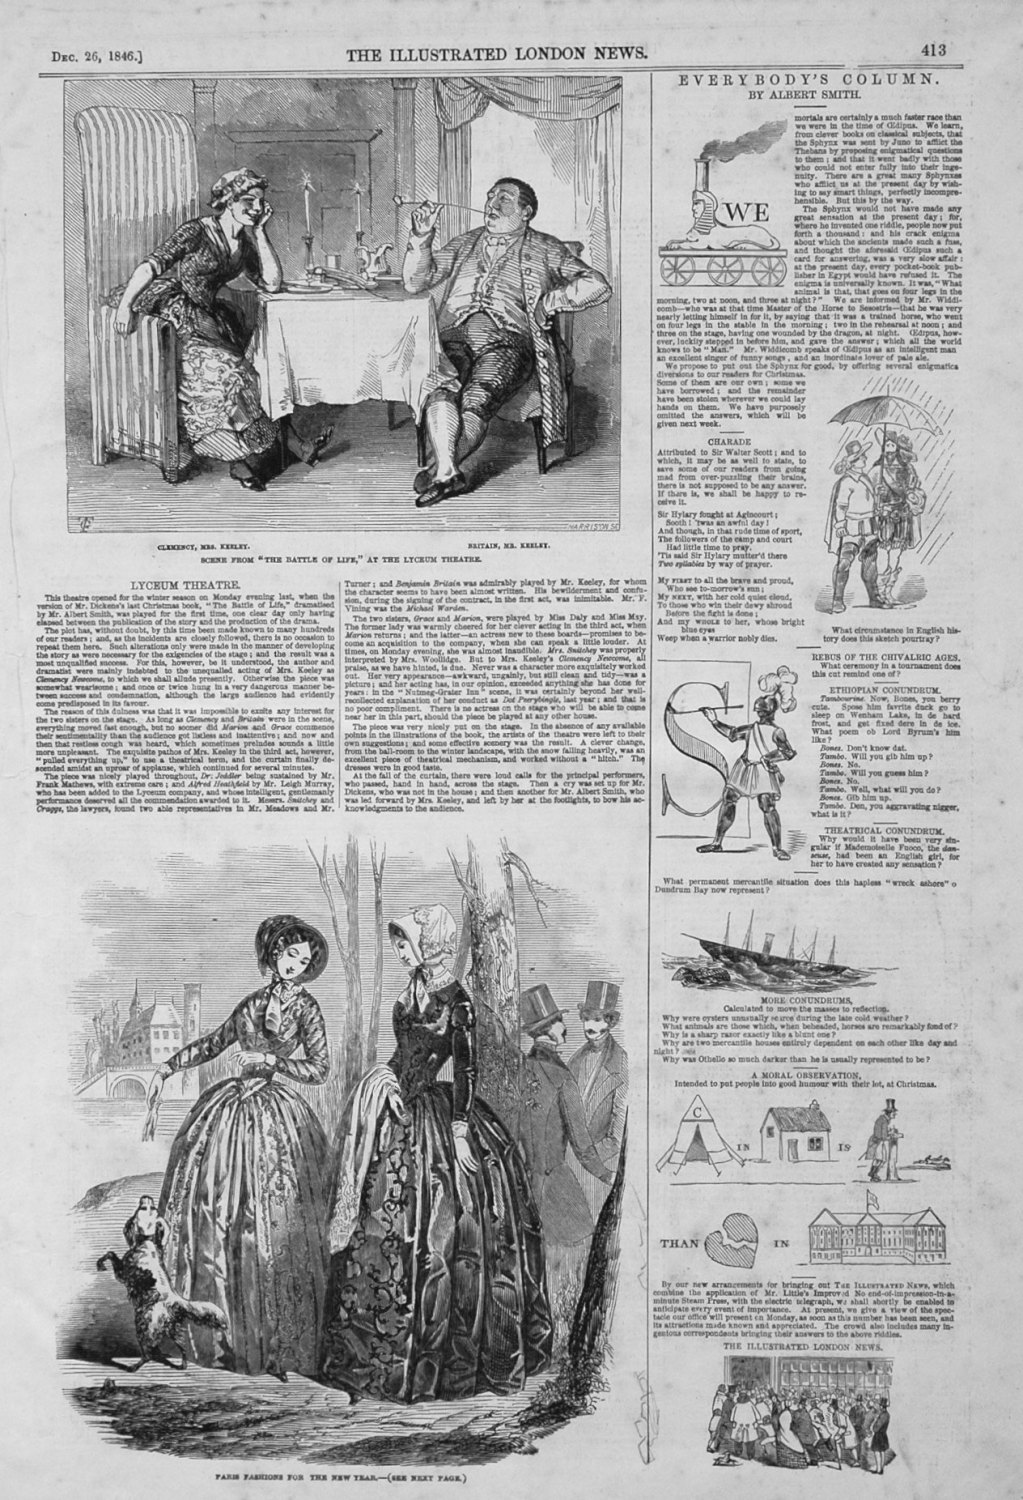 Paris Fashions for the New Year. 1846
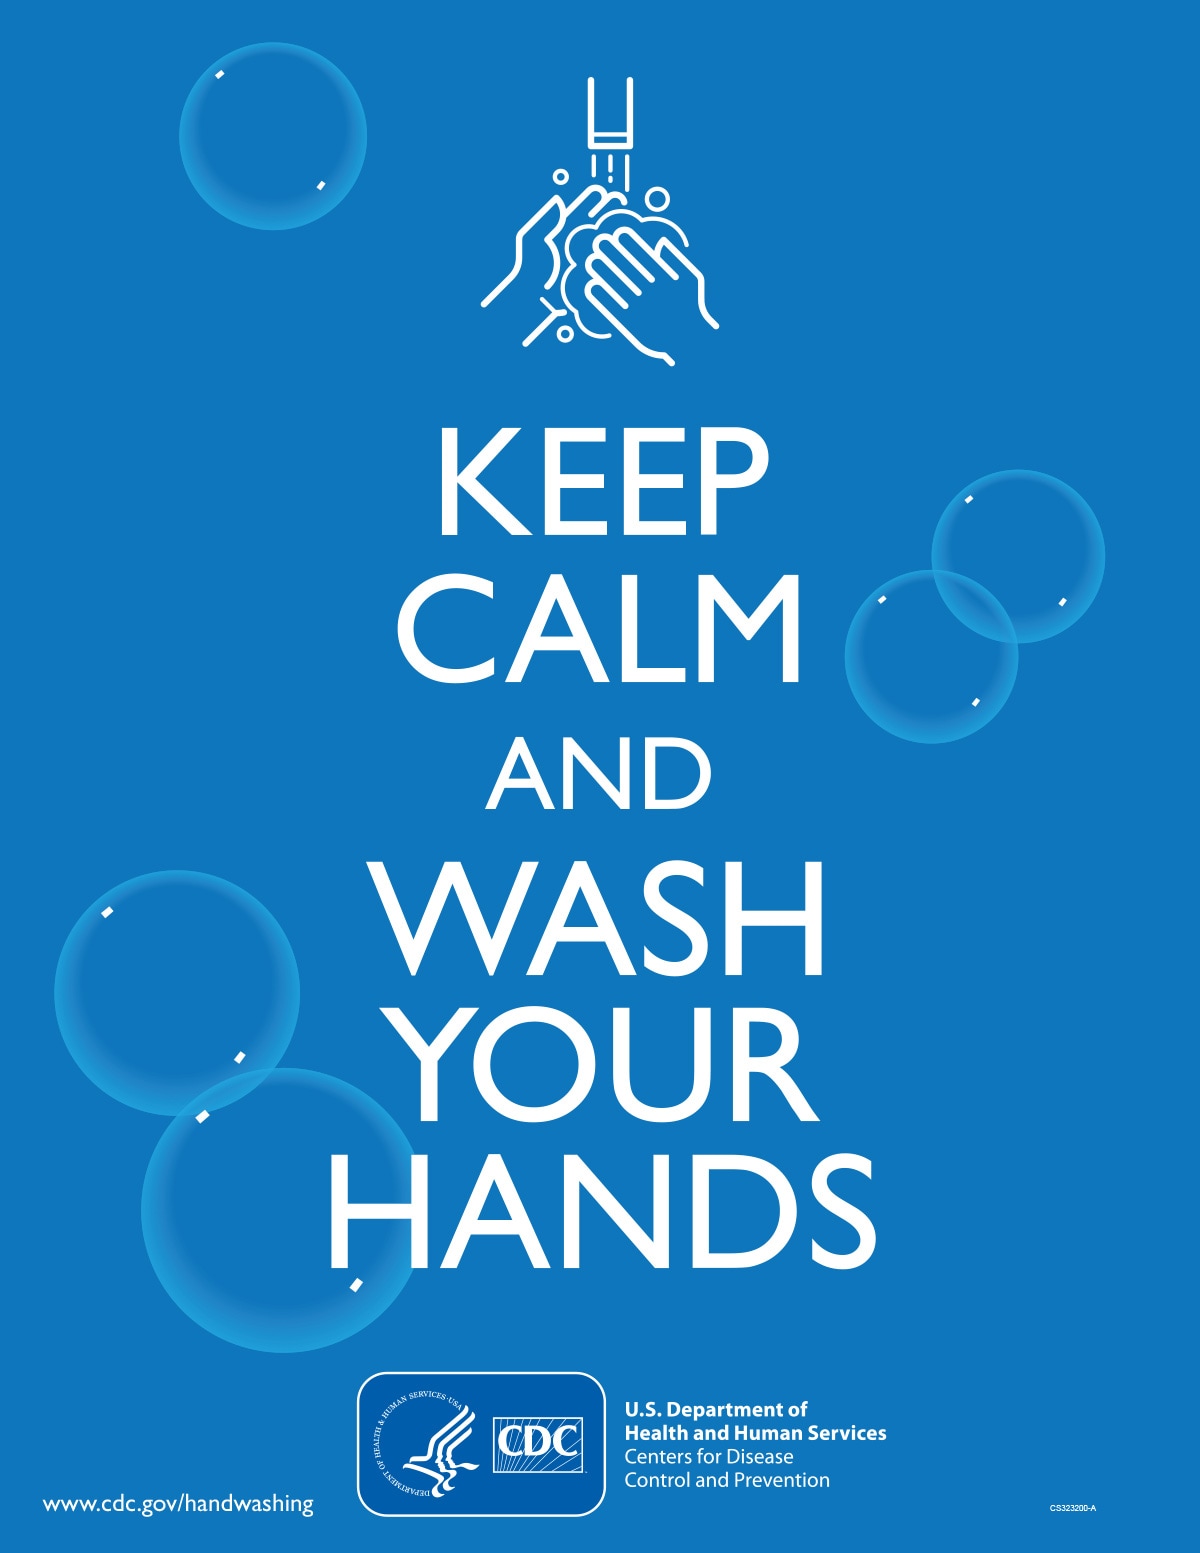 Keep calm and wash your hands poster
━━━━━━━━
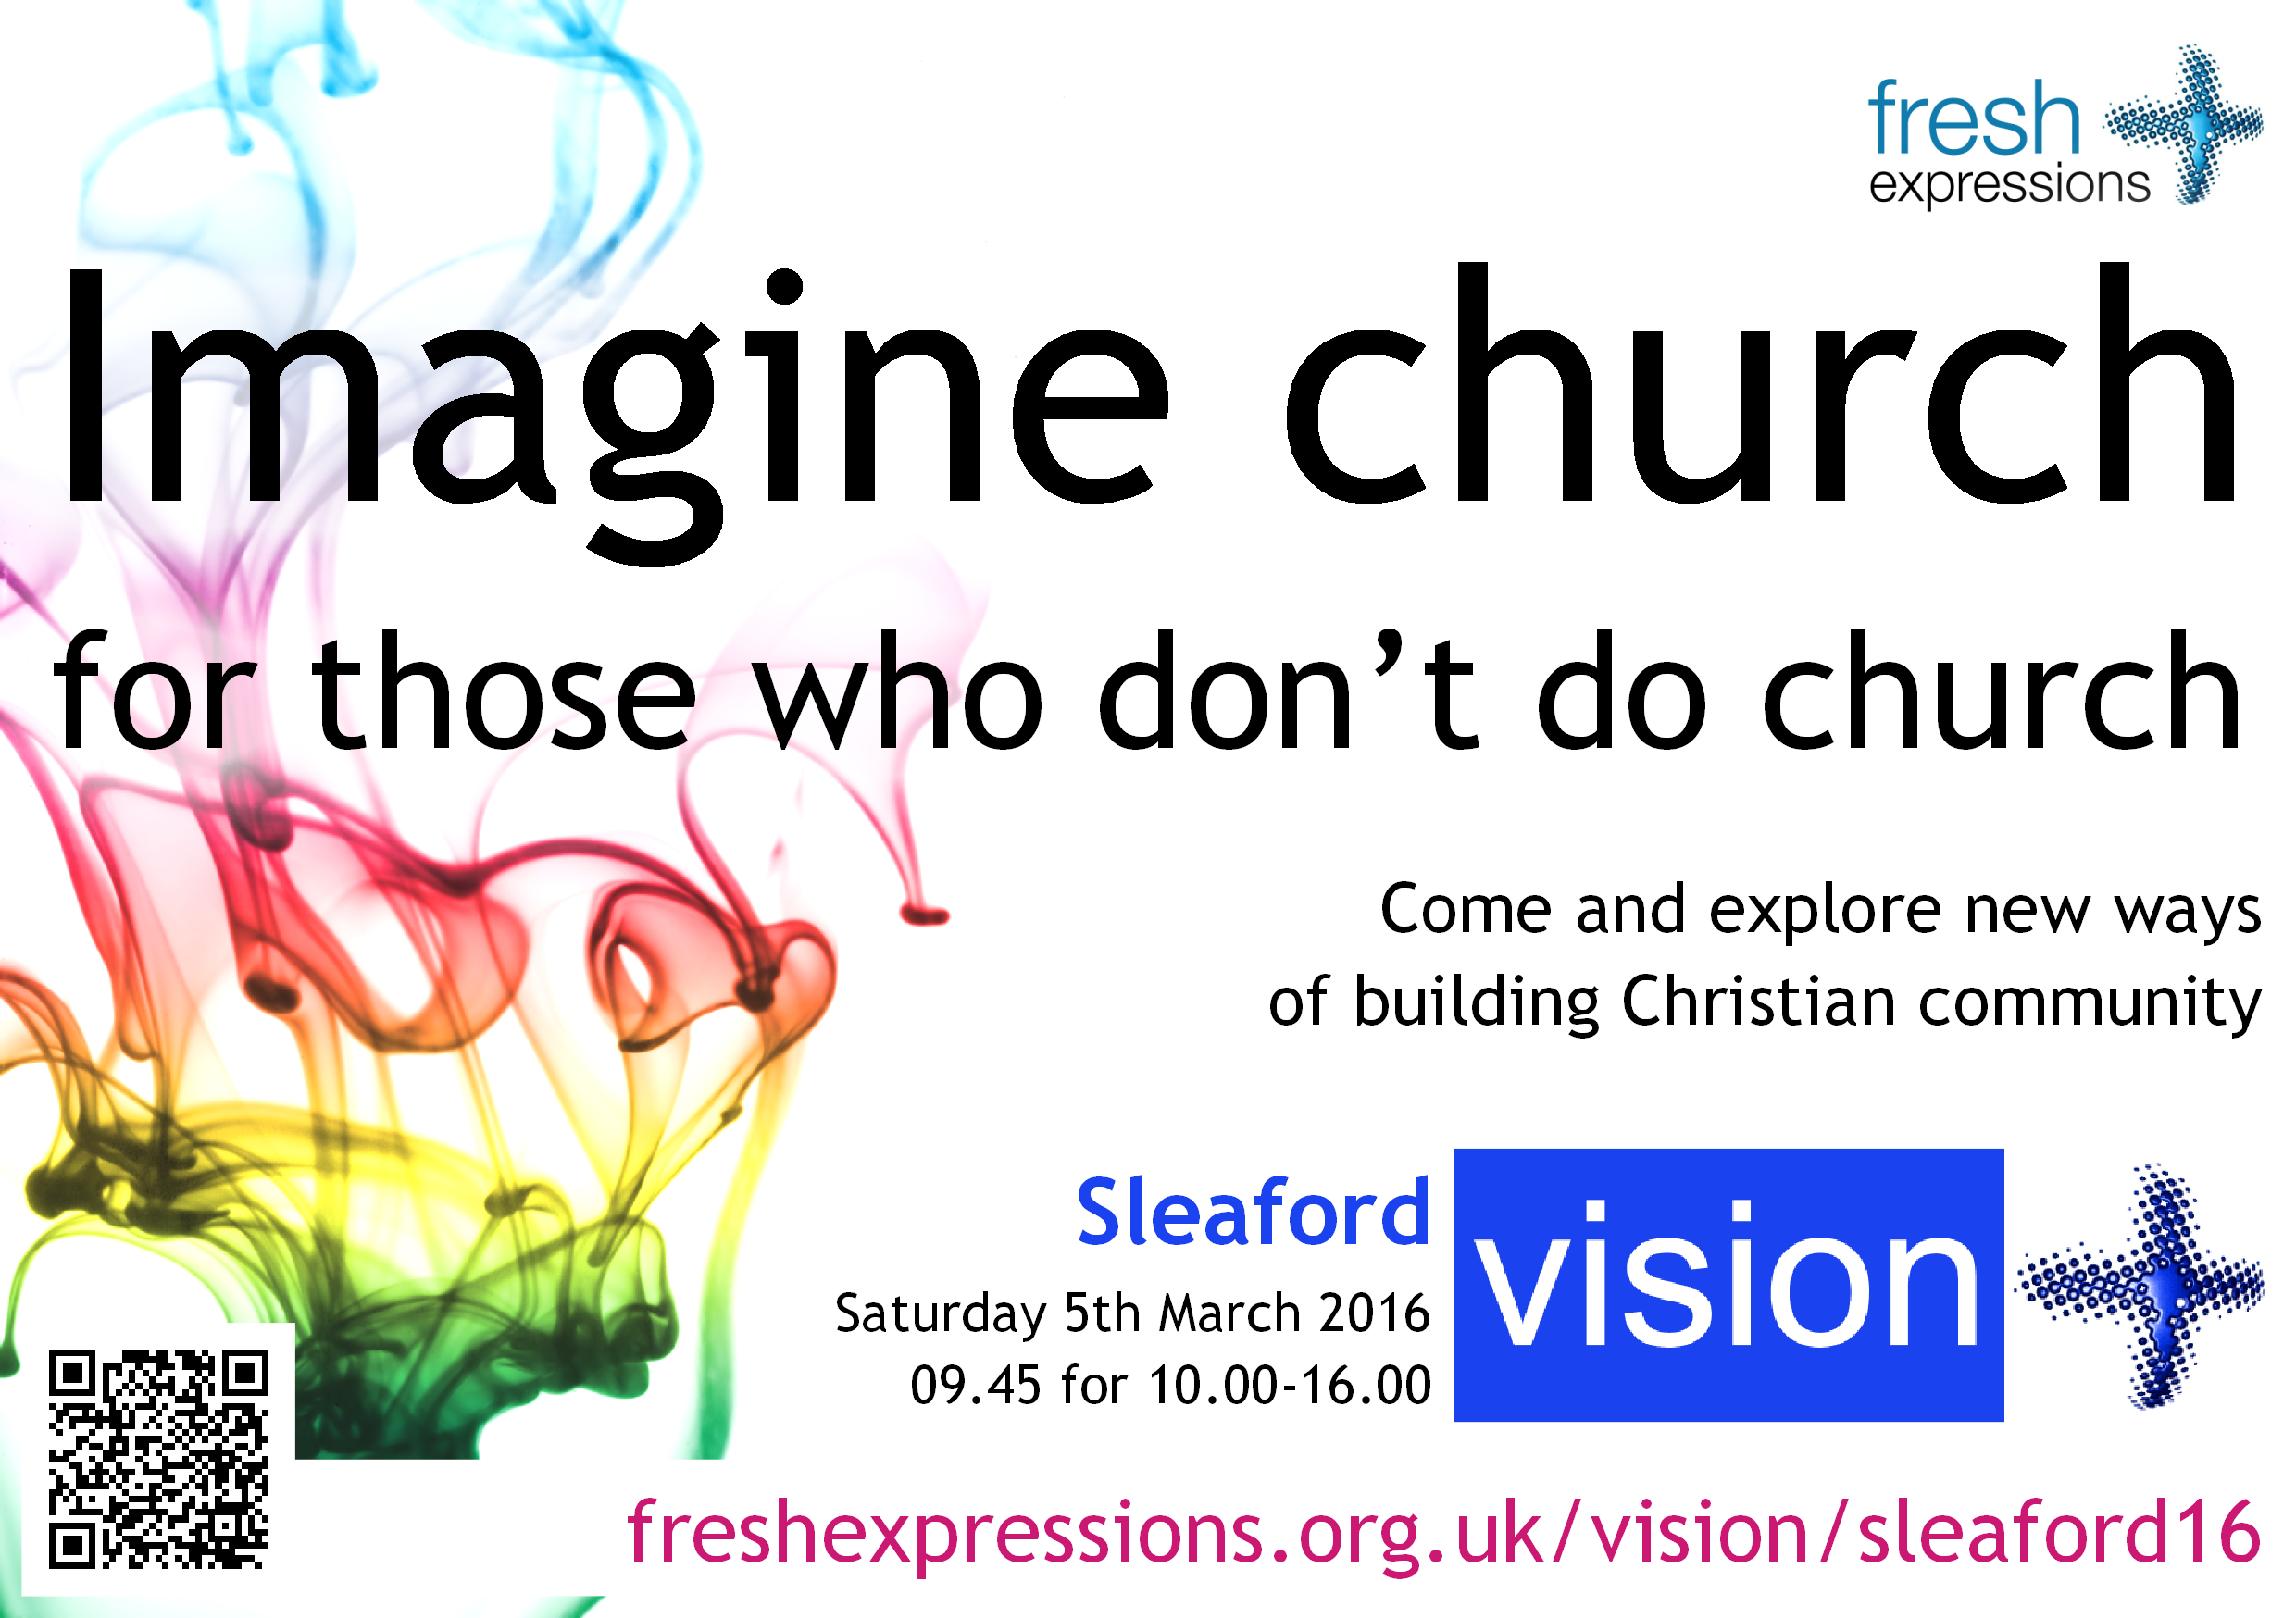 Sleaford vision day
━━━━━━━━
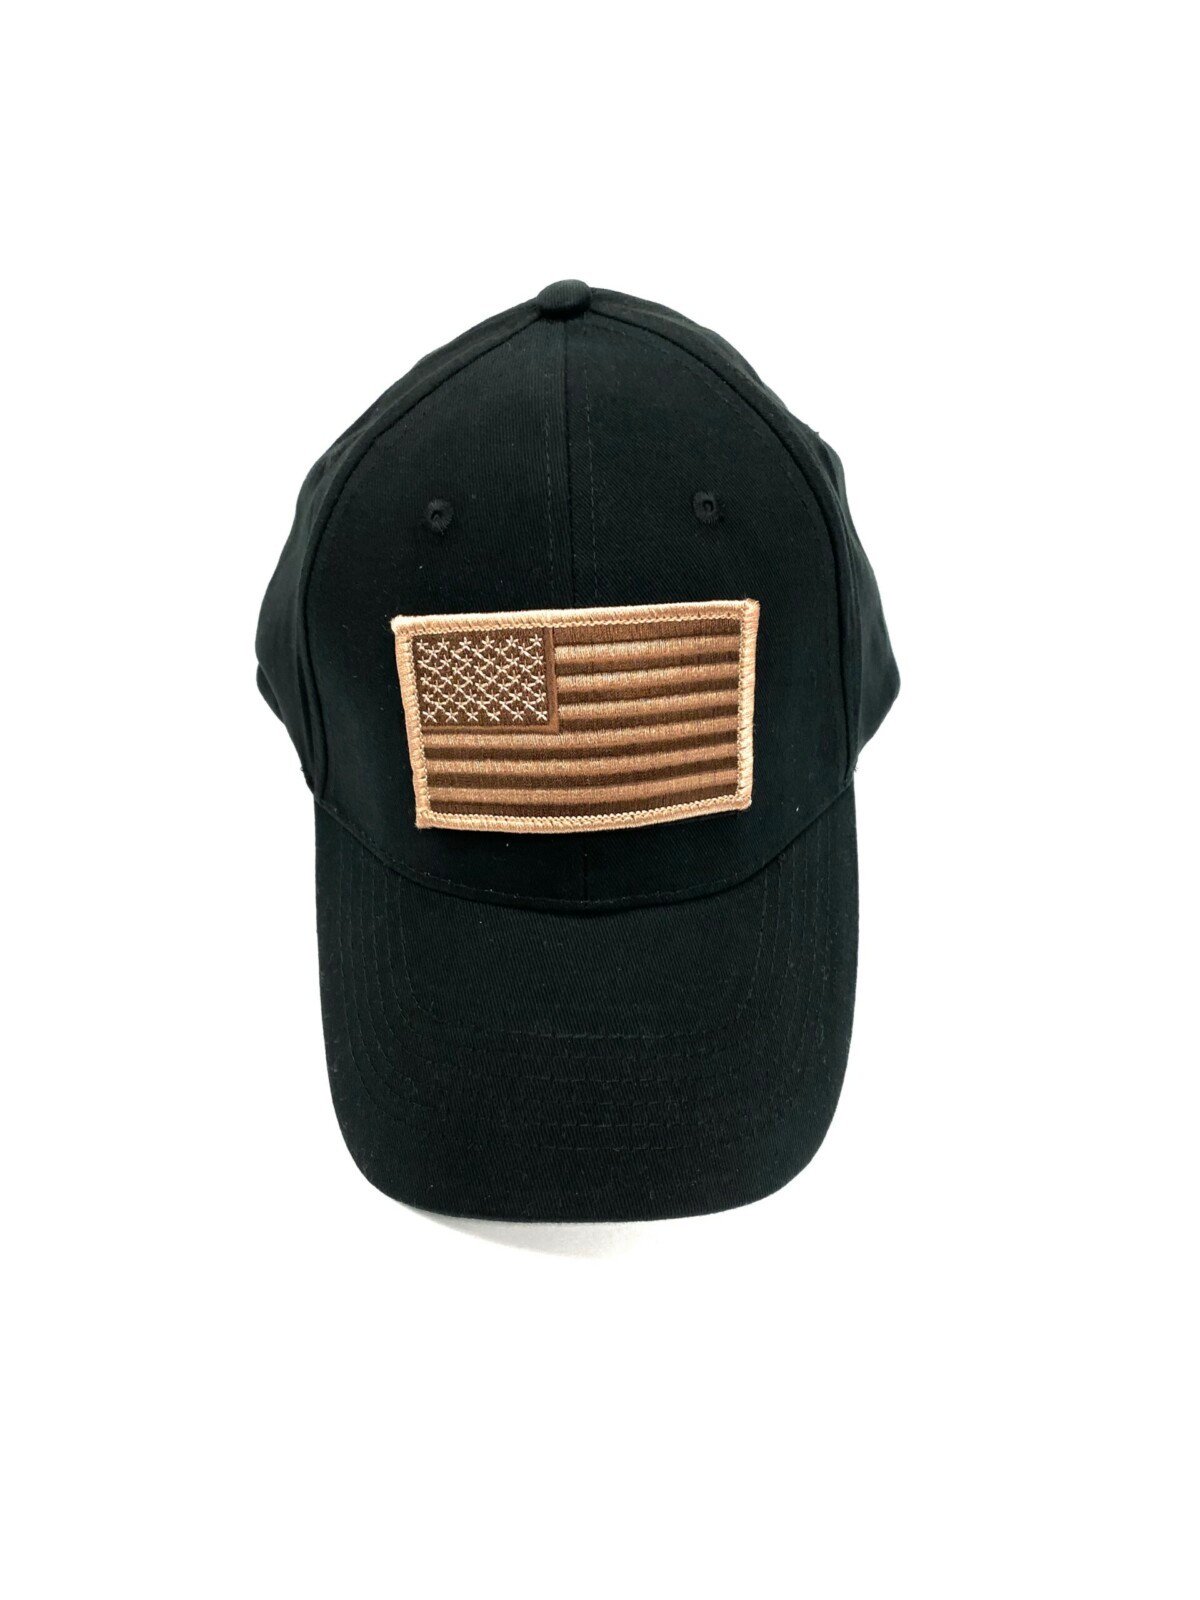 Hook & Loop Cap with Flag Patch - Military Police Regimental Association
━━━━━━━━
**ACTIVITY:**
Repeat only the stretch of data above that runs from the line with "Paris Fashions for the New Year. 1846" to the line with "Keep calm and wash your hands poster". Keep both end lines; exclude pictures.

**WRITTEN RESPONSE:**
 Paris Fashions for the New Year. 1846
 Keep calm and wash your hands poster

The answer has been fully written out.